With their revolutionary art and passionate performances, they smashed the barriers between art and politics. They left an indelible mark on the form of theatre itself, pushing it off its com- fortable naturalistic pedestal and into experimental realms of radical confrontation, stirring ritual, and spectacle that was no less vivid for its frequent underfunding.
They took their central theme of the world as prison to the theatres and the streets across Europe, the United States and Brazil, questioning the authority of political power everywhere with stamina and commitment.
The Living put on new and controversial plays of their own, produced works by the then-unseen new wave of European playwrights, explored a myriad of new forms pulled from the theatrical theories of Brecht & Artaud. Perhaps above all, they moved theatre squarely into the political arena, challenging quiescent assumptions and cherished idealogies. Founded in 1947, the theatre began by producing the works of Picasso, T.S. Eliot, John Ashberry, W. H. Auden, Jean Cocteau, Paul Goodman, Strindberg and Pirandello.
The theatre took on national prominence in 1959 when it presented Jack Gelber's hyper-realistic view of drug pushers and addicts. "The Connection," complete with hazy Jazz, needles shooting into arms and street language transferred to the stage, was explosive. The public was outraged.
From 1959 to 1963, in a space that John Cage and Merce Cunningham helped to find, the Living Theatre became the center of New York's cultural avant-garde and the goad of its social conscience. This was not without consequences. Their production of The Brig, Kenneth Brown's searing look at human debasement in a Marine prison, led to calls for military reform and may have provoked the government: The IRS moved in, demanding back taxes and eventually seized their theatre. After protests to save it failed, Beck and Malina locked themselves in the stage prison where they stayed until they were physically removed and taken to real jail.

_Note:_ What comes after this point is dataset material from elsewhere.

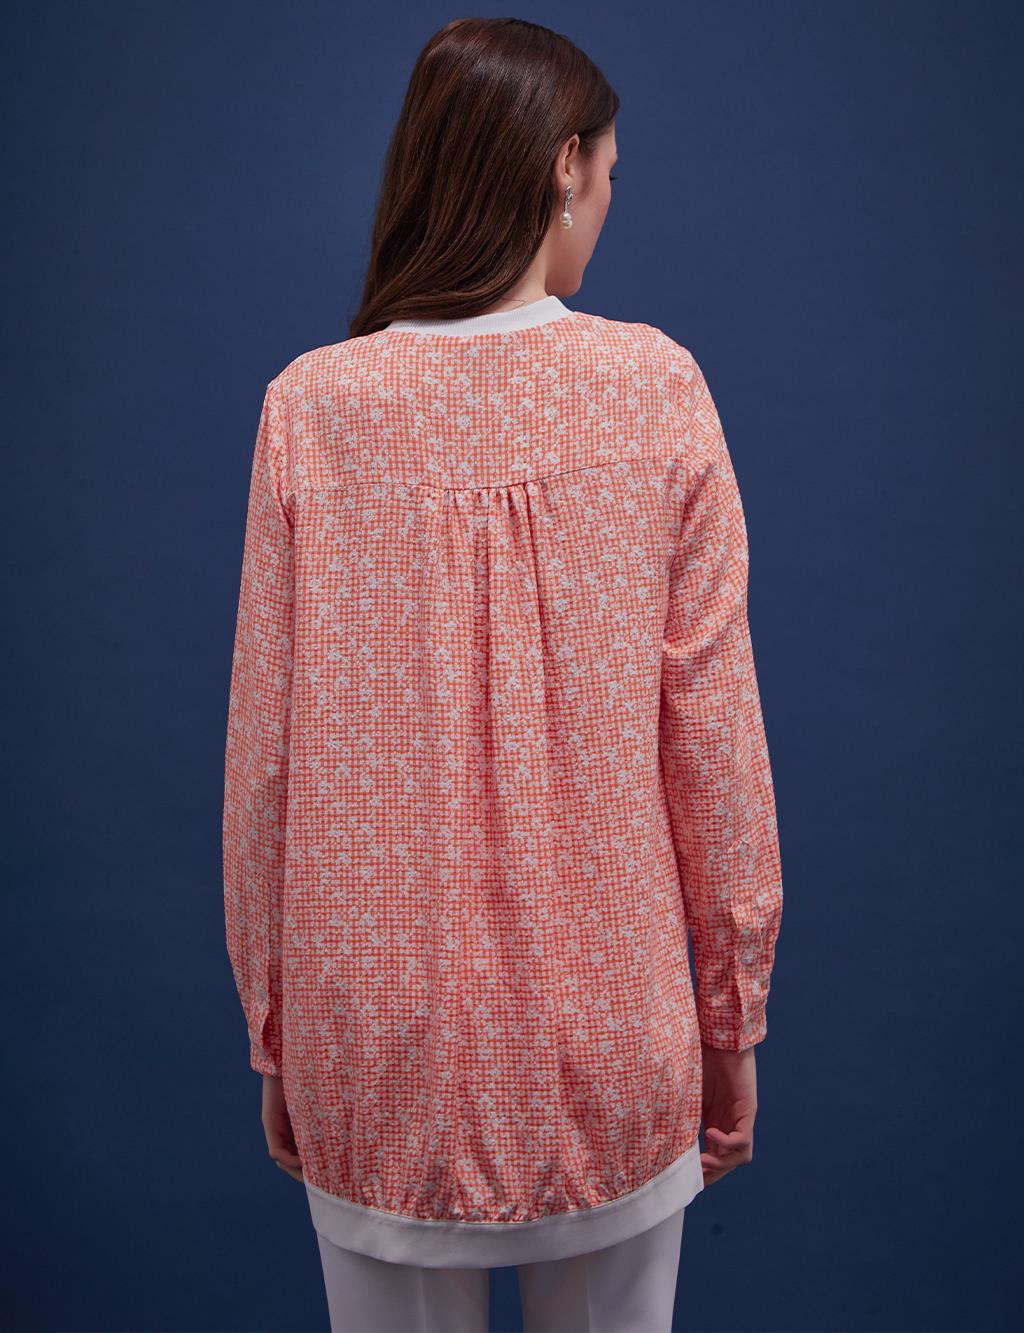 Floral Pattern Checkered Shirt Coral

Smacked with a five-year suspended sentence, Beck and Malina left for Europe. There they developed their best-known works, Frankenstein, Mysteries, Antigone, and Paradise Now. They became known for confronting the audience with its passivity, often dragging spectators into the aisles, inducing them into performances and inciting them to mass action.
In 1968, they were involved in the Paris student riots. In 1970, they took their theatre into the streets with pieces developed for public places in Europe, the U.S., and Brazil. It was not until the late 70s that they returned to conventional venues, performing Ernst Toller's 1920 Masse Mensch and their own new plays, Seven Meditations on Political Sado-Masochism, The Yellow Methuselah and Beck's last work, The Archaeology of Sleep.
Their odyssey lasted nearly twenty years. In 1983 Beck, Malina and The Living returned to New York for a run at the Joyce Theater. The repertoire was met with critical hostility. Before they could find money for a space of their own, Julian was diagnosed with stomach cancer.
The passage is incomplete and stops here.